I used custom cuda extension to replace some parts of the model, and it worked correctly as expected. But training with cuda extension uses more GPU memory.
I used torch.cuda to analyze the pre-expansion and post-expansion pytorch GPU memory allocation. I found that in addition to the GPU memory I pre-allocated for cuda extensions using cuda_malloc, pytorch itself allocates more GPU memory.
Half of the over-allocated GPU memory is due to the explicit call torch.empty_like() in the forward and backward of the cuda extension to pre-allocate the space for storing the calculation results, and the other half is added when the optimizer.step() is called.
I need some help information to locate the problem and solve the problem of using the video memory.

Does the GPU memory statistics method (memory_allocated or memory_summary) in torch.cuda count the GPU memory allocated by me manually calling the cuda_malloc function? Do it count the GPU memory allocated by similar methods called torch::empty_like() in C++ code? My guess is that the former is not counted, but the latter is counted.
Will the GPU memory allocated by torch::empty_like() called in the custom forward and backward methods in the c++ code be automatically recycled when it is no longer used? If not, then how should I destory this part of the GPU memory by myself?
Why does the call of optimizer.step() lead to the increase of the GPU memory usage? I think this method is only to update the weights and should not allocate new space, but it does increase the GPU memory usage.

tom · September 13, 2021, 6:42am

This seems as you describe.
Memory is returned to the torch cache once the tensors using it go out of scope.
It depends on your optimizer, but things like tracking statistics for adaptivity (eg in Adam) or momentum use additional memory. These are allocated once, so it should not increase over time.

In general, I would advise to no use cuda_malloc directly but instead create a new torch tensor. As long as you keep a reference to it, the memory will be reserved for you and can be accessed via data_ptr() (for a void*) or data_ptr<T>() for a T*.

Best regards

Thomas

nobody · September 13, 2021, 7:55am

Regarding the third point, maybe my description above is not clear enough.

I compared the GPU memory usage at each step of the code that does not use the CUDA extension and the code that uses the CUDA extension. Both use the exact same optimizer. My cuda extension only replaces the layer modules in the model.

The former only adds about 5M of GPU memory usage during the first execution of optimizer.step(), while the latter adds about 1G of GPU memory usage. There is a huge difference between the two.

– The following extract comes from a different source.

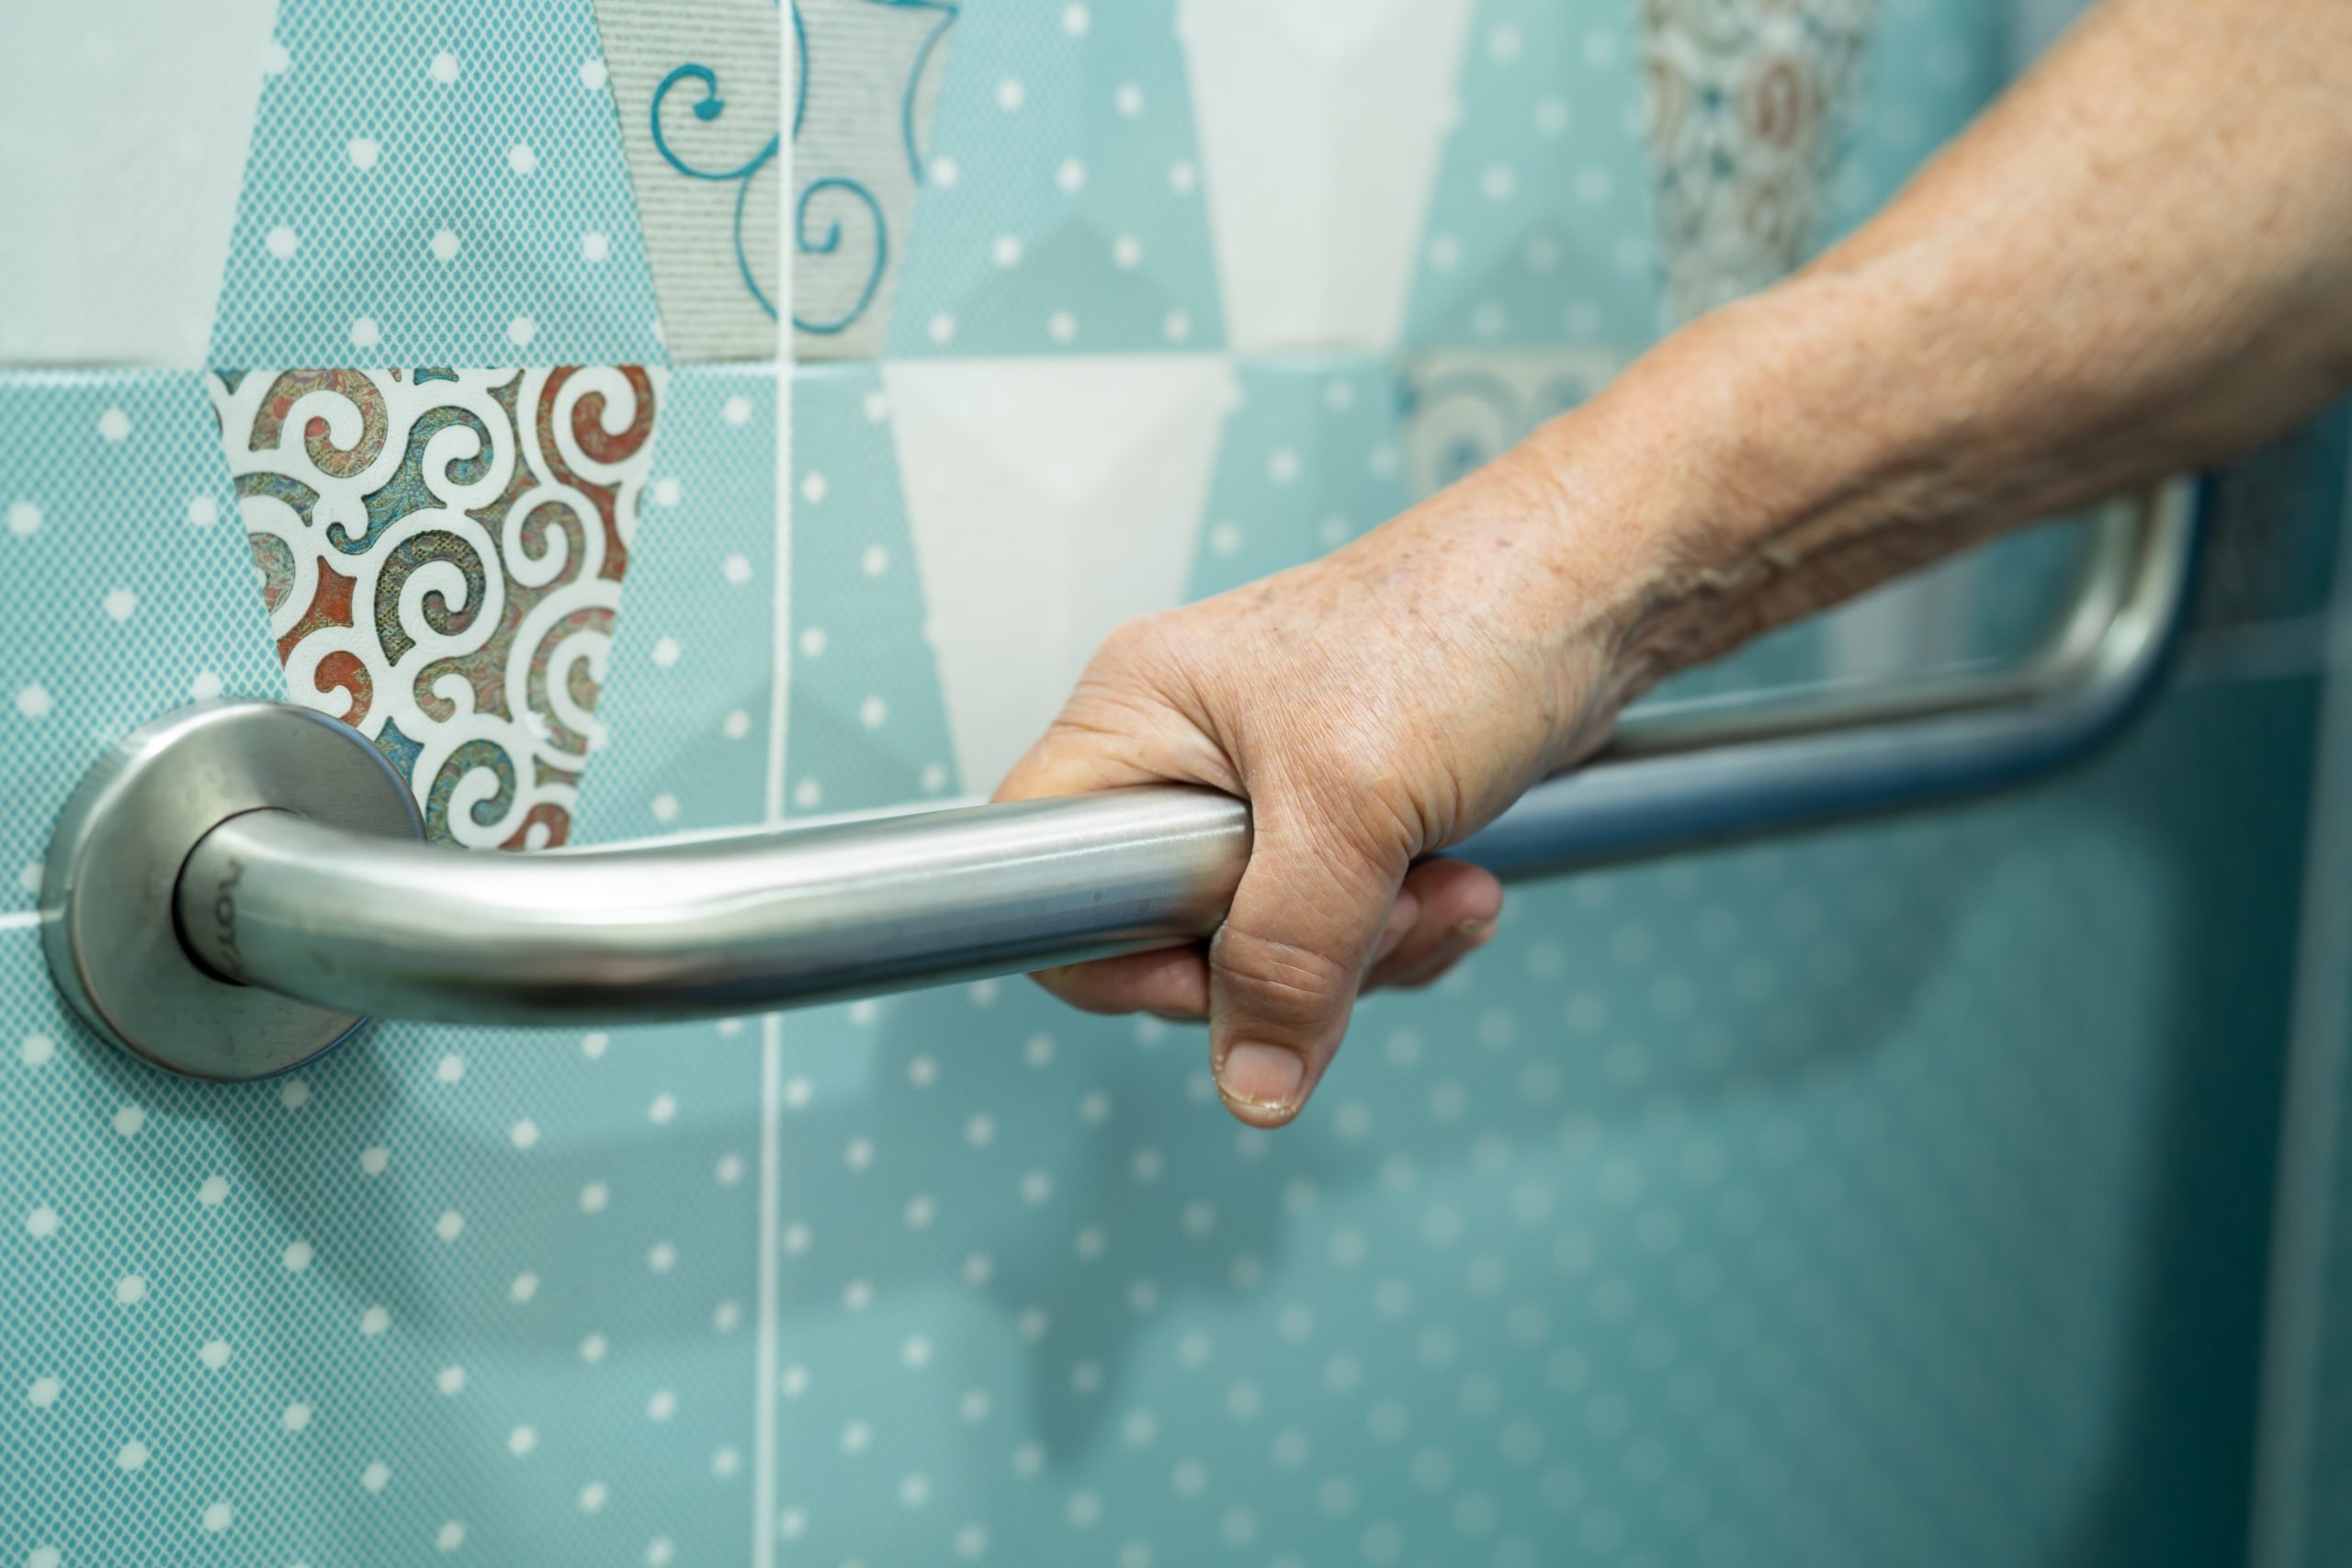 Personne âgée utilisant une poignée de sécurité dans une salle de bain

I don’t know why the CUDA extension causes such a difference? Can you provide some possible clues?

tom · September 13, 2021, 8:14am

I would not know why there would be such a difference. Might be something your extension does?

nobody · September 14, 2021, 2:36am

Thank you for your answer above. I found the reason. The optimizer uses different gradient calculation strategies for one-dimensional parameters, which requires more GPU memory space.